I had written her a letter, told her I had joined Vietnam. I wondered if she would ever get the letter or read it, or even answer it? I hoped she would, maybe then I'd know what she wanted from me. I can always hope I guess. I seem to be obsessing but I just can't figure it out. I'll probably end up getting killed this way. Maybe that's what I want deep down. I put out my cigarette on the bottom of my boot still transfixed in thought.
It would be night soon I think, as I looked up at the amber red sky. We’re supposed to sleep in this ditch until the helicopter shows up. IF it ever does, stranded in the dark surrounded by unknown territory. I must stay alert. I think as I look around a bit panicked. I don’t want to die I conclude or else I wouldn’t be so nervous. I shook my head trying to banish the thoughts from my head I concentrated on the land around me trying to keep my mind from wandering. I give up laying back against the wall of the trench.
I think I hear thunder or maybe it was a gunshot, I don’t know. My stay here so far has been tediously long. The hours drag on forever waiting, and watching for nothing or maybe something. I never seem to know what, neither does anyone else. I let myself wander back, back to home as I think of her. It’s all I did back home so why should here be any different? I think of her wondering why, Why did she like me? I remember her saying one night that she thought she loved me, and that she didn’t know if she liked the thought. I was offended at the time but then I thought, Do I want to her to love me? Then I’d have to love her back. I shook my head and thought of her thinking if I could love her, I decided no she was to something. I can’t figure out just what.

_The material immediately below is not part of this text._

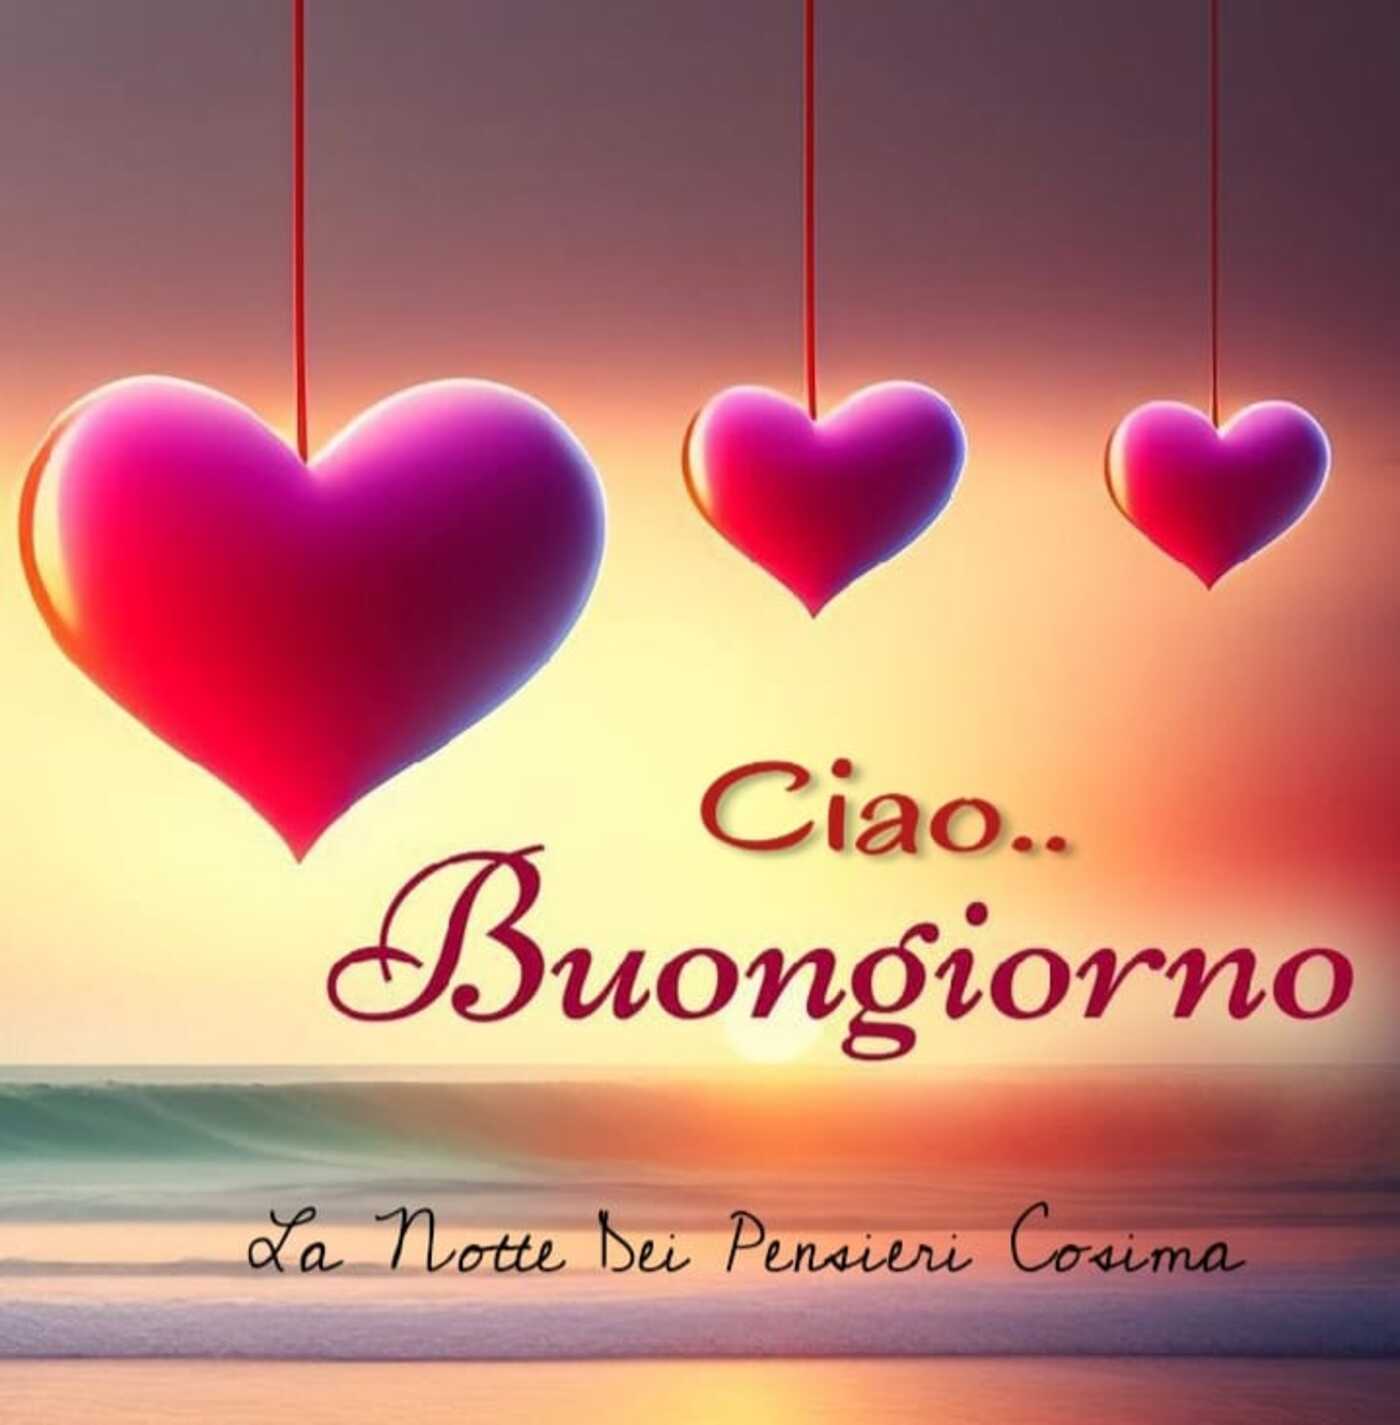 Buongiorno Archives - CiaoBuongiorno.it

Her name was, not important. Mine is equally unimportant but mine is Grant, and hers was Alice. I always pictured her with blonde hair but hers was a dark shade of black almost blue. Her eyes were grey, she had a dark feel I didn’t like it, it scared me. Maybe that’s why I couldn’t love her. I was scared of her, intimidated. She had liked me, I guess maybe I had turned her away without knowing it. But I have to admit I liked being liked, so maybe that’s why I think I liked her.

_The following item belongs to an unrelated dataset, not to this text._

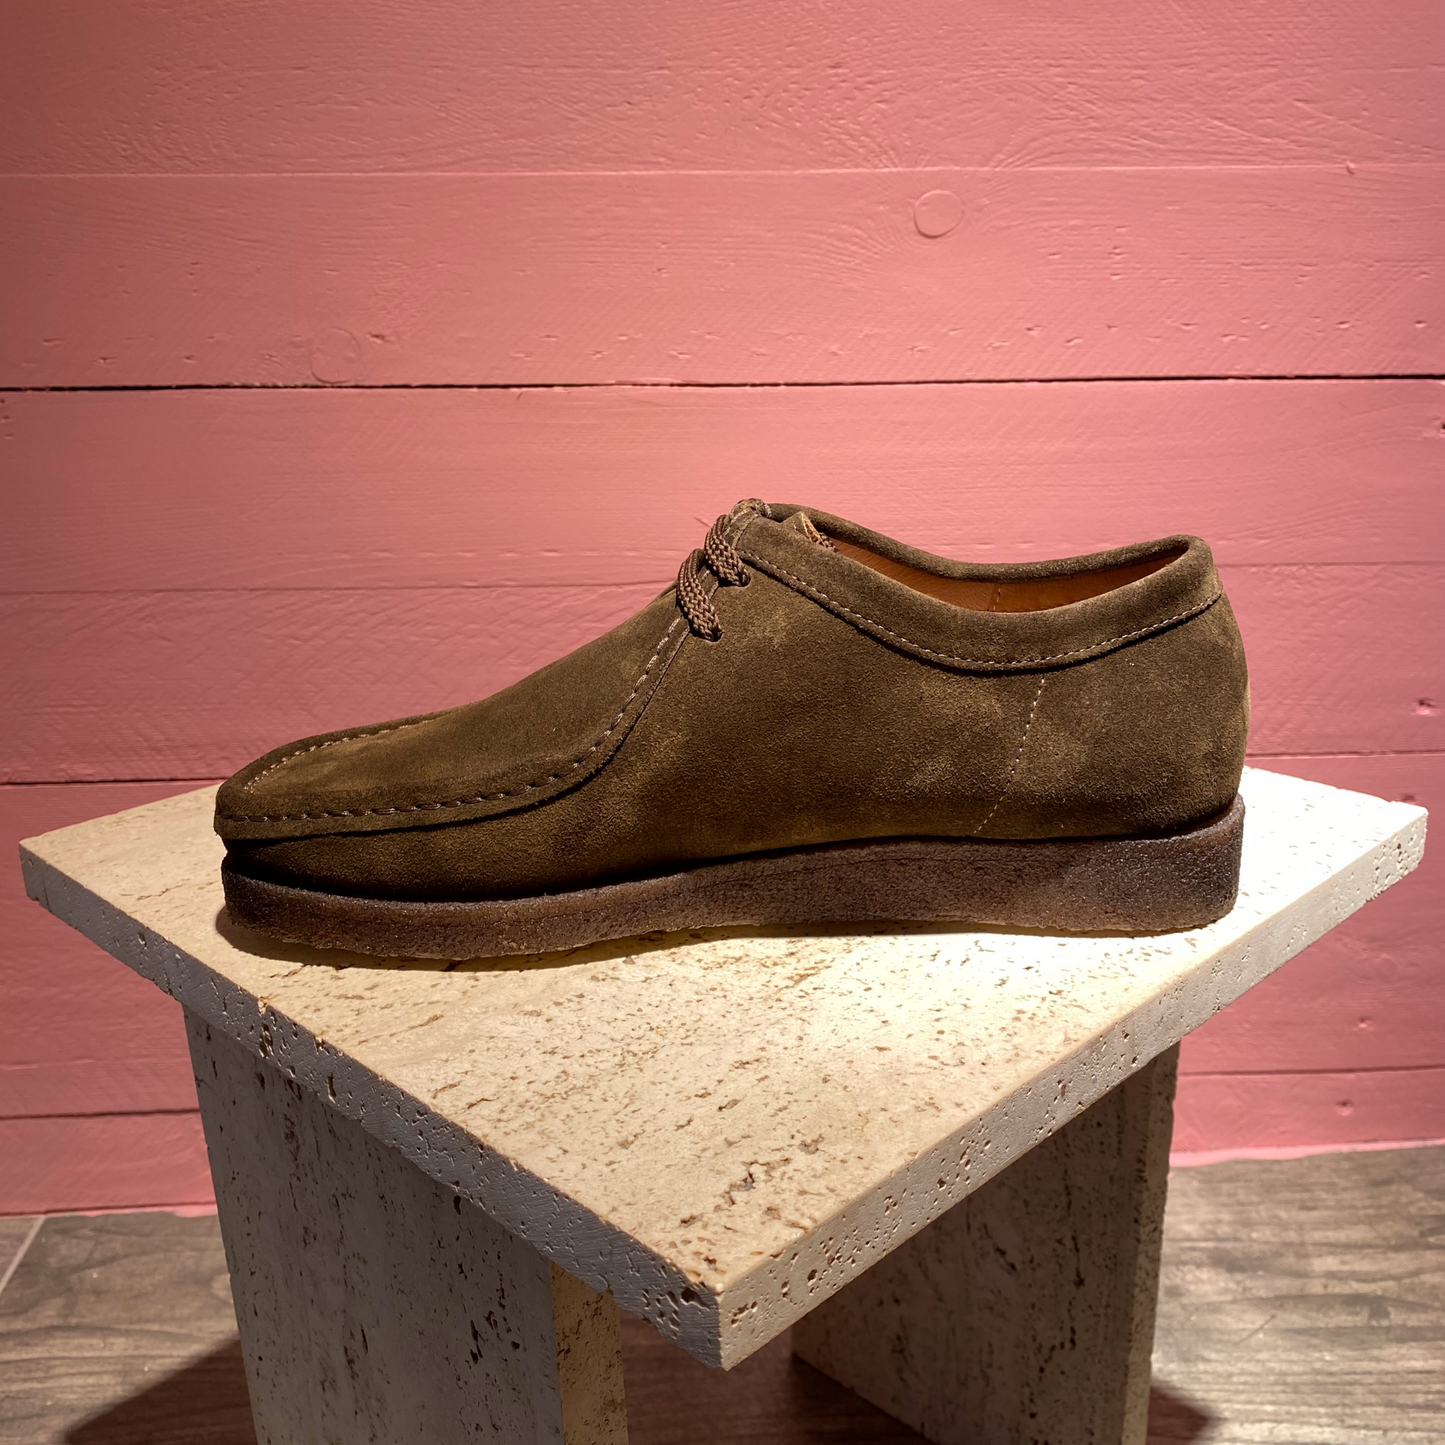 Chaussures Iconic en suède marron cousue à la main, semelle en crêpe. Ces chaussures au design iconique épuré sont les produits phares de Padmore & Barnes depuis 1960s.

I sighed, one more thought of her and I was going to go crazy I tried to think of anything but her, but it was no use I couldn’t stop thinking about her. Night fell and I fell asleep, which was probably a mistake on my part but I lived through the night so did everyone else. When I woke up I, looked around we were still waiting for the helicopter.
As I became more alert, I had an epiphany, The thought of her seemed to make me feel as if I’d die without knowing true love, and I realized there is no such thing as true love, there’s love, there’s lust and there’s like but nothing is ever true. The lies are deeper and run through you like a river, the truth is shallow and simply grazes the top. Love is a lie and I can’t believe the truth, there’s always doubt and it hangs over me torturing me as I fight in this war and am left to think of what life would be like if it were different. I got up slowly and made my way to my gear and washed my face with the water from my canteen and dried off my face and looked up at the sun. My life is meaningless to anyone but me, so this life is for my own amusement and I’ll do what I wish with it I think as I board the helicopter after its arrival and it takes me to somewhere only the pilot knows.